Saturday, October 13, 2007

Movie review: Michael Clayton (2007)

Wow, what a year 2007 has been. And it's only October. Last year, we were scraping bottom well into late November before good movies started cropping up, but 2007 has been gifted with all kinds of really good movies, from comedies (Knocked Up, Hot Fuzz, Superbad) to action (300, The Bourne Ultimatum, Transformers) to dramas (Eastern Promises, Zodiac, Rescue Dawn), and that's only to name a few. Now, we have Michael Clayton, George Clooney's latest drama-thriller.
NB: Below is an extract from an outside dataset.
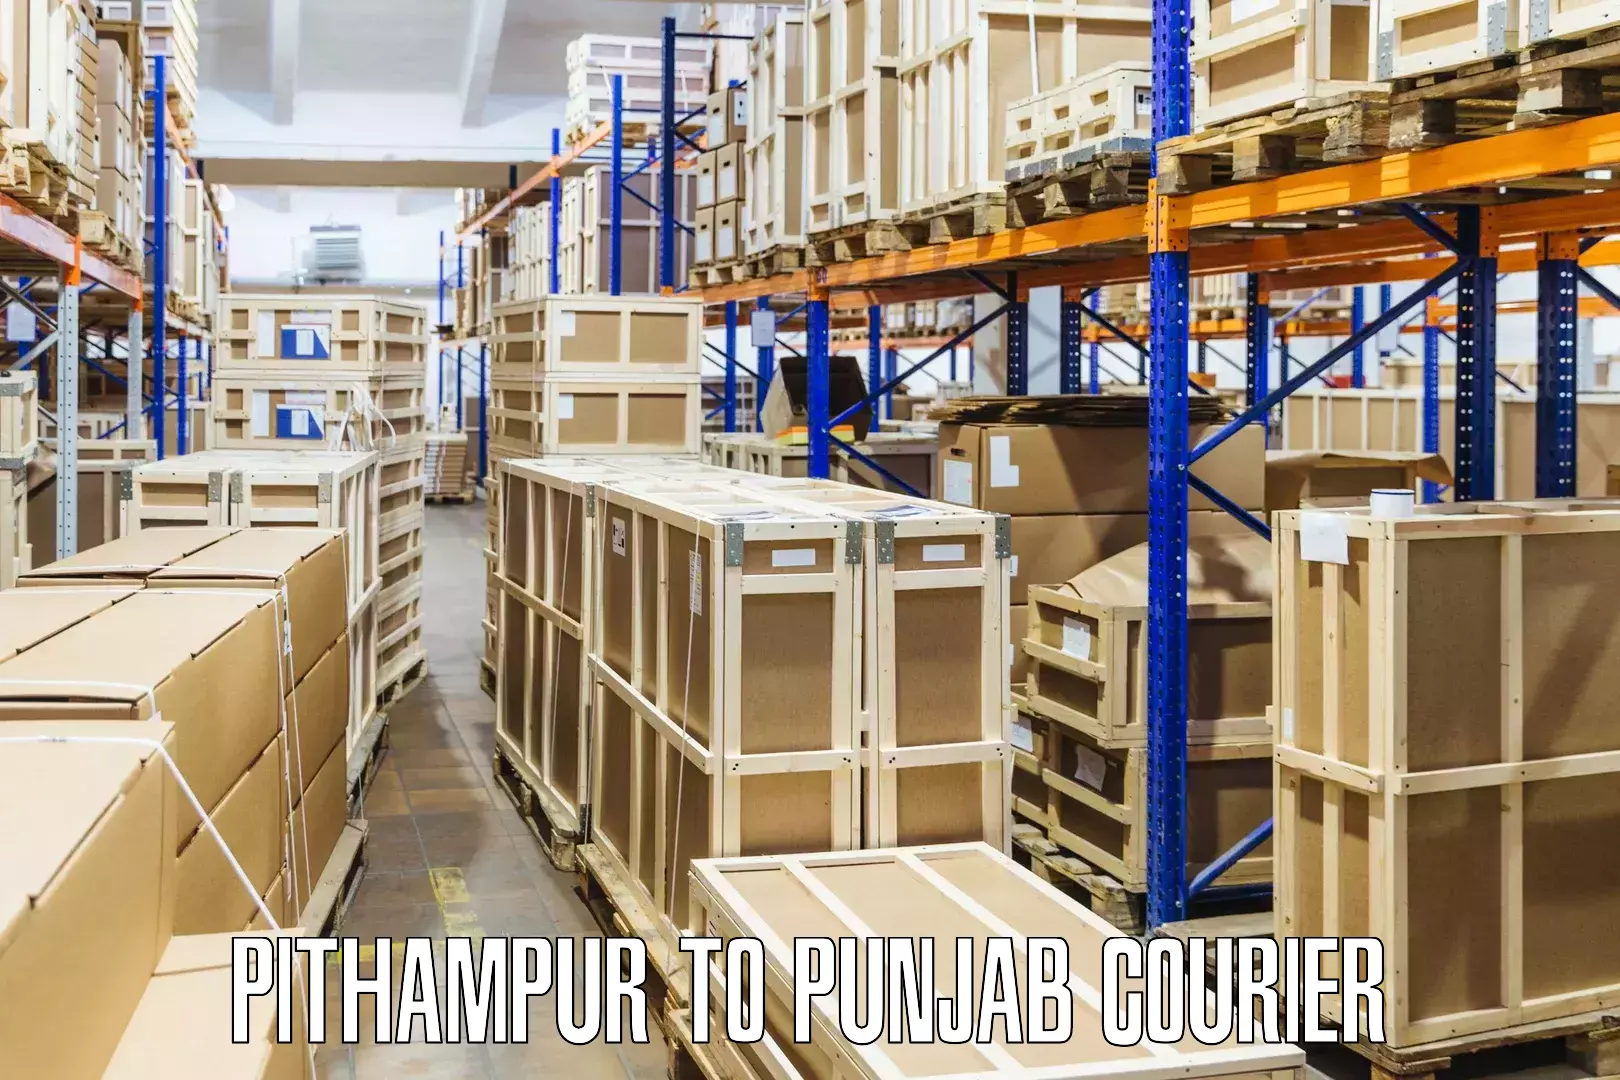 Same-day delivery options Pithampur to Mohali

Written and directed by The Bourne Ultimatum writer Tony Gilroy, Michael Clayton does for legal thrillers what the Bourne franchise did for spy flicks - take the genre to a whole new level. It's not that the legal thriller hasn't had its fair share of great successes - several John Grisham adaptations come to mind - but Gilroy's approach is certainly don't-bullshit-and-slowly-build-tension-until-it-bursts. There are some slow sections in Michael Clayton, and those expecting a fast-paced thriller might find themselves falling asleep in the first half, but those of you who have patience and know a good movie when you see it will certainly find something to campaign around. For much of the movie, you don't really know what the title character's job is, but then, when it reaches the amazing and surprisingly quick ending that it has, you realize he's been doing it all along. Michael Clayton is a movie with a few twists, or at least new directions, and a mounting sense that there will be only one winner.